Can great facial animation really be created via a simple extension to the VO session?
Full performance capture is an elaborate process. It is costly, complex, and consumes time with abandon. The margin for error can feel wider than the uncanny valley, and the variables to consider are dizzying.
While the practice absolutely serves a purpose, for those looking for great facial animation synched with actors’ delivery of vocal material, there are alternatives. That’s according to audio powerhouse Wave, and animation service provider Cubic Motion.
The two recently collaborated – along with CG character specialist 3Lateral – on making an ambitious tech demo to showcase what can be done with a low impact extension to the established VO recording process and a little bit of teamwork.
The ‘Athanasius’ demo showcases the speech and facial expressions of an imposing fictional virtual character, which began life in a recording booth. The actor behind the performance delivered his lines in the normal VO context; albeit wearing a lightweight head mounted camera system.
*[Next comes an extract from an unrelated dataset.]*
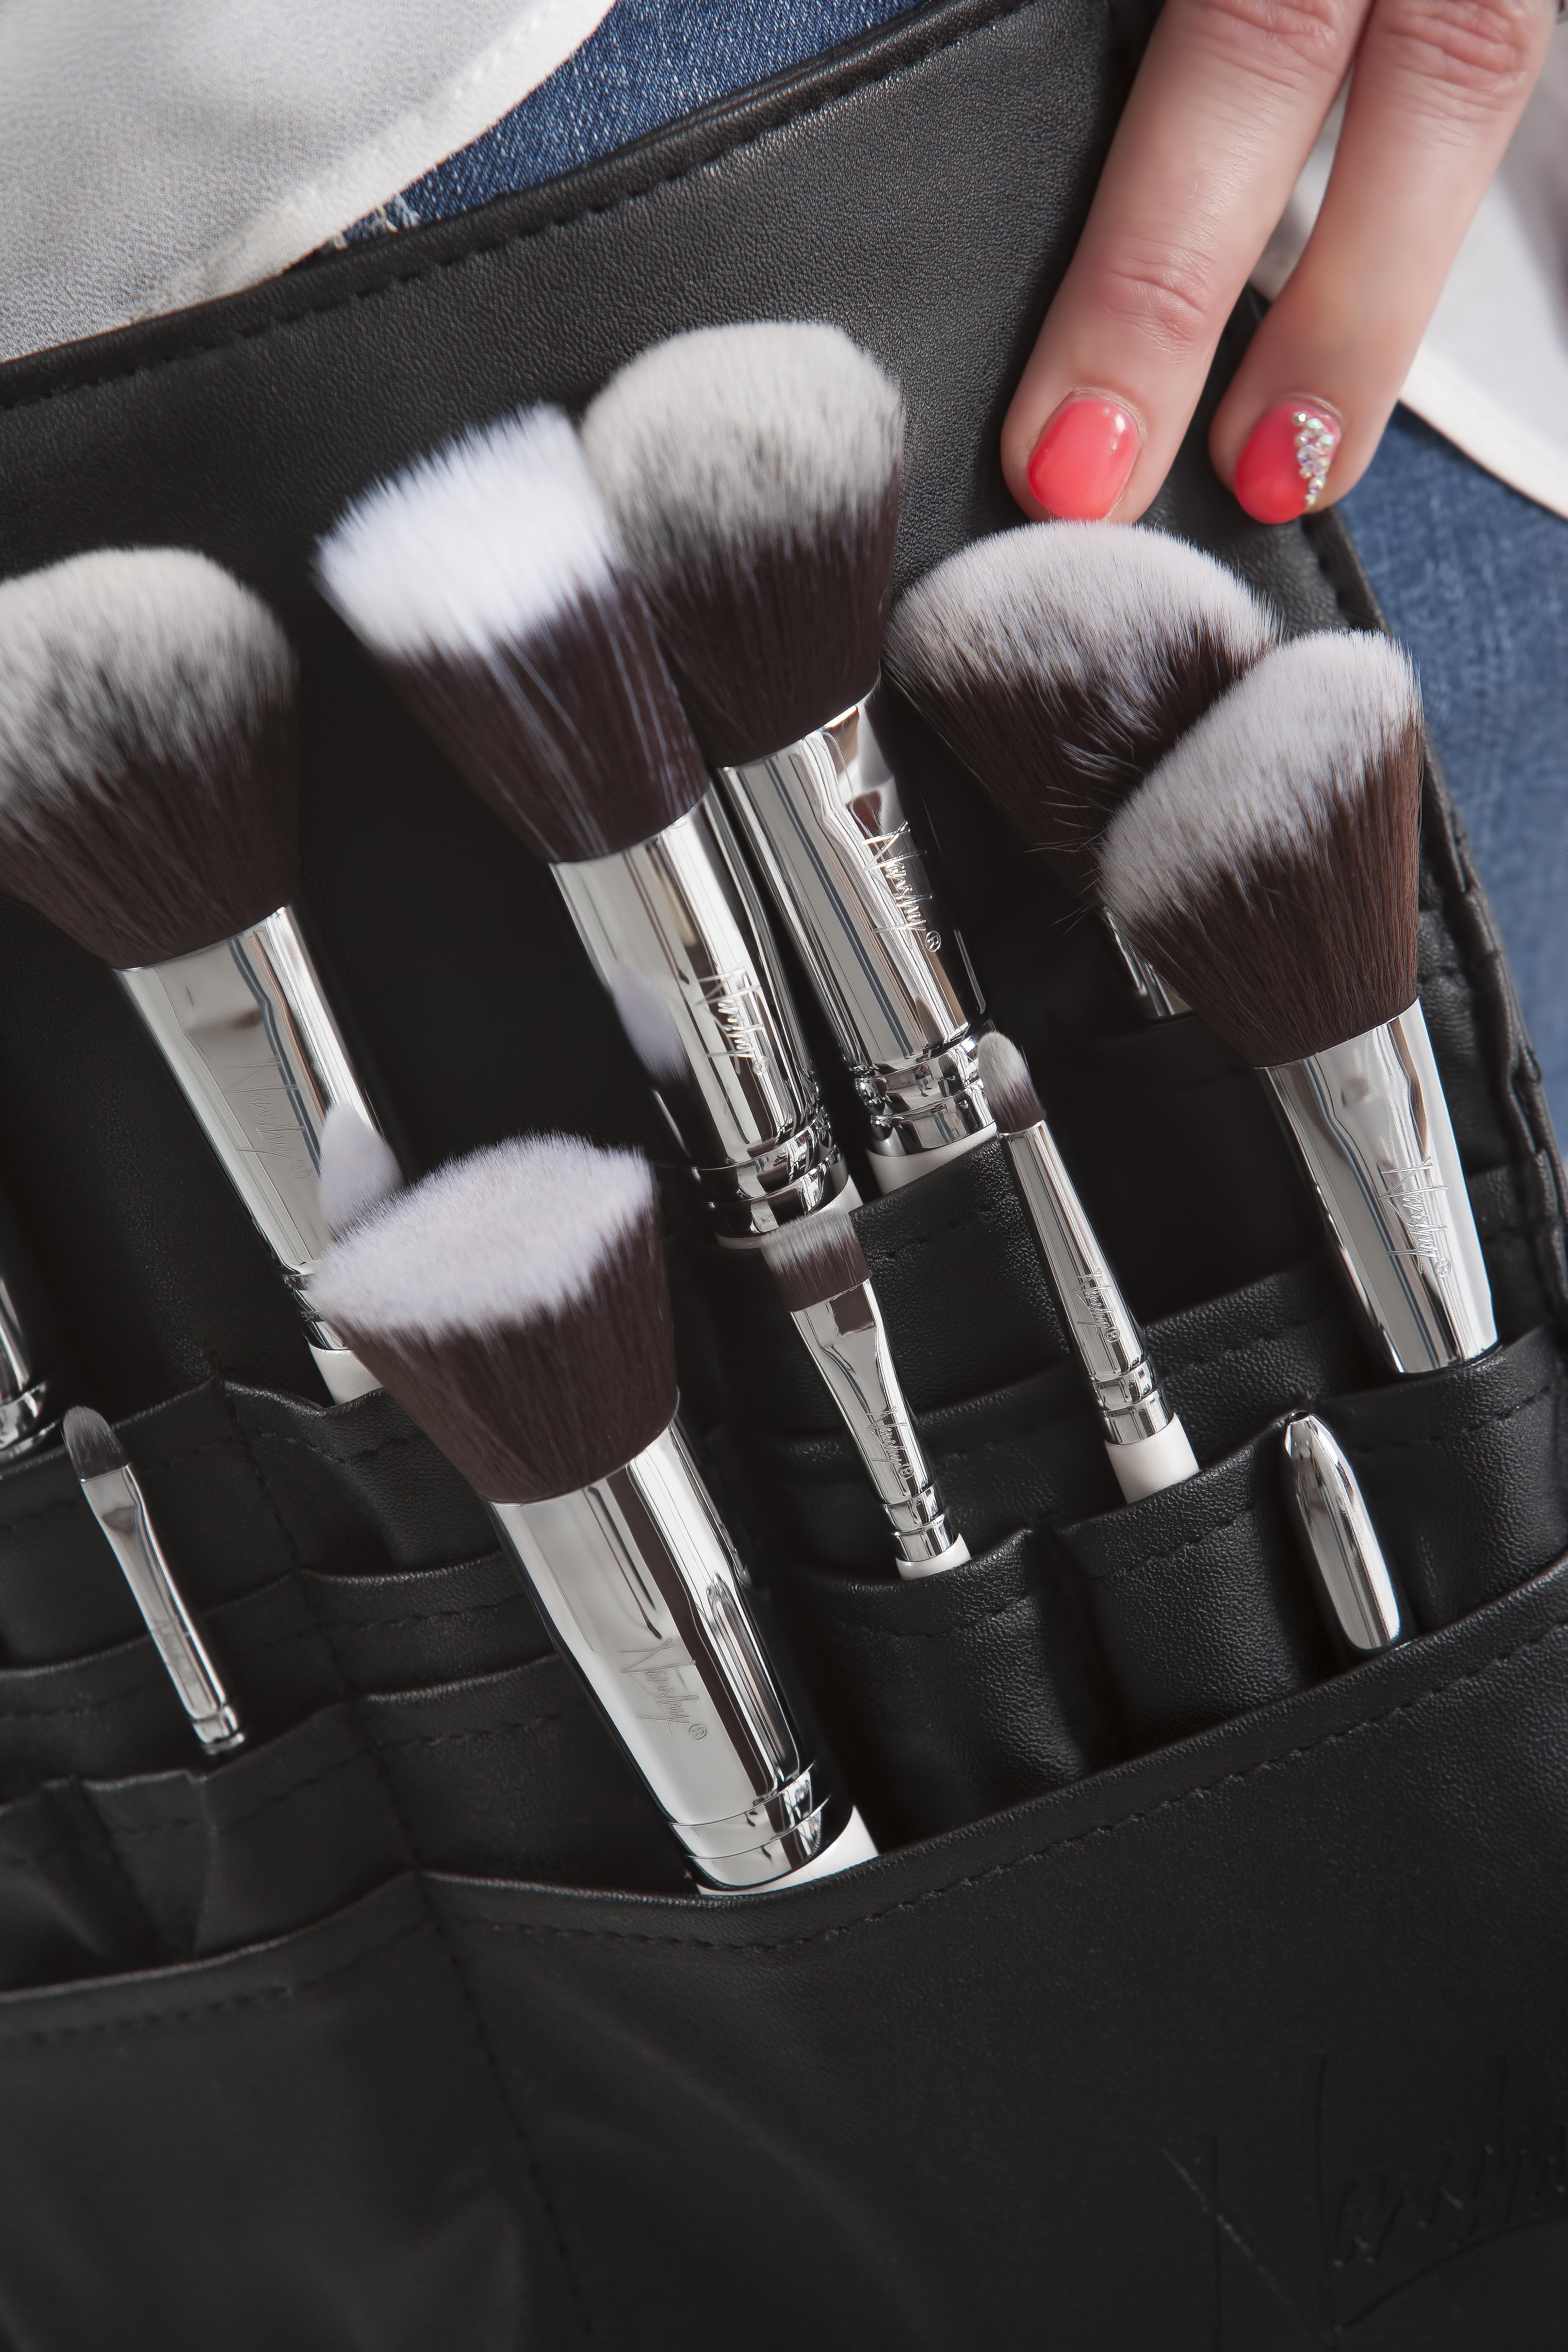 Фотографии кистей для макияжа

With the audio recording and visual performance captured in unison, Cubic Motion was in a position to analyse the video for data that could be solved onto a 3D character. Then, with some aural refinement by Wave and a little tweaking using Cubic Motion’s bank of existing animation data, the final demo was ready.
The quality of the final result arguably rivals the output of far more expensive techniques, and all with minimal disruption to the typical VO recording process, insist those involved.
“For us the process in the actual booth was seamless, and created very little extra work,” says Wave’s head of game audio Anthony Matchett. “And at the end of the session, we could easily deliver the audio straight back to the guys from Cubic. As soon as we had a locked time in the audio, they came back to us for us to do a light amount of sound design just so the audio really matched the video.
“But from a client’s point of view, this whole thing will be really easy for them, and it works really well. It’s honestly very non-disruptive. Setting up the VO booth for the video capture was very simple, and took very little time.”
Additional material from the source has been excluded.